Records excerpted from a collection
● ● ● ●
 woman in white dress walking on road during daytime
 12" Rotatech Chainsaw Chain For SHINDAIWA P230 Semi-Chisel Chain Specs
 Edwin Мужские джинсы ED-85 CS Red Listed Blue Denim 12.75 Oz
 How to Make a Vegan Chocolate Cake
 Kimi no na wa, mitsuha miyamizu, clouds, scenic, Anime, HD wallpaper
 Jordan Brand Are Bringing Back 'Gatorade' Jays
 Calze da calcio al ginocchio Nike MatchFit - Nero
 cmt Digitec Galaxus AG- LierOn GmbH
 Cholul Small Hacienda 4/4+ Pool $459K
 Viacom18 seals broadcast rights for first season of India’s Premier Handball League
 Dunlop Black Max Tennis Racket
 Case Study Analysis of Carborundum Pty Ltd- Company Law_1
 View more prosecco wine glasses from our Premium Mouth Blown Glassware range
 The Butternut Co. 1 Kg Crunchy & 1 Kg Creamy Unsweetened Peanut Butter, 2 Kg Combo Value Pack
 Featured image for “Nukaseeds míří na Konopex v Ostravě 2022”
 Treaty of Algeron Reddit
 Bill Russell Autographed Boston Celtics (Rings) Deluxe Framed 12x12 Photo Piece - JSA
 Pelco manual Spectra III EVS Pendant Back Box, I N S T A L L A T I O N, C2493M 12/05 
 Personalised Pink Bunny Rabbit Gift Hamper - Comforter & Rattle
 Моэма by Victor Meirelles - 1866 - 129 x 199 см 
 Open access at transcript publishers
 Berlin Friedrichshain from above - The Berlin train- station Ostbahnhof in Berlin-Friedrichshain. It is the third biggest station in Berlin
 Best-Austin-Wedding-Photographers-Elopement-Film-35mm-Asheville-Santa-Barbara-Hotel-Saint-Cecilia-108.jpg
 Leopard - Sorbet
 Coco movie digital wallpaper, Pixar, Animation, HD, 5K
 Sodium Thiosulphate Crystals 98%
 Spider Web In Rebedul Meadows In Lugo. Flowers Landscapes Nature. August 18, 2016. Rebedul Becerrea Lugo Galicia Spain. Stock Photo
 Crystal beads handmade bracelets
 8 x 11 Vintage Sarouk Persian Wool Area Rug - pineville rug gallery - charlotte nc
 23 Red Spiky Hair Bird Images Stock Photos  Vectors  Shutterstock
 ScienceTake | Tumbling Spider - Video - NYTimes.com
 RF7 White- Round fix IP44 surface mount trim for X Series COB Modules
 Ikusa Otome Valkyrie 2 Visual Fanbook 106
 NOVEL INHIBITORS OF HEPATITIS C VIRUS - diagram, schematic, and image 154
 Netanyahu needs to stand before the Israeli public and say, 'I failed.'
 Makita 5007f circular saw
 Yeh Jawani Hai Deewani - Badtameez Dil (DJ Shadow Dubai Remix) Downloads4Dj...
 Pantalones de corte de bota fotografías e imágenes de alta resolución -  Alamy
● ● ● ●
* [Exercise description] Nothing but the lines from the one with "NOVEL INHIBITORS OF" through the end of the data above should be repeated, each exactly as it stands.

* [Finished exercise]
 NOVEL INHIBITORS OF HEPATITIS C VIRUS - diagram, schematic, and image 154
 Netanyahu needs to stand before the Israeli public and say, 'I failed.'
 Makita 5007f circular saw
 Yeh Jawani Hai Deewani - Badtameez Dil (DJ Shadow Dubai Remix) Downloads4Dj...
 Pantalones de corte de bota fotografías e imágenes de alta resolución -  Alamy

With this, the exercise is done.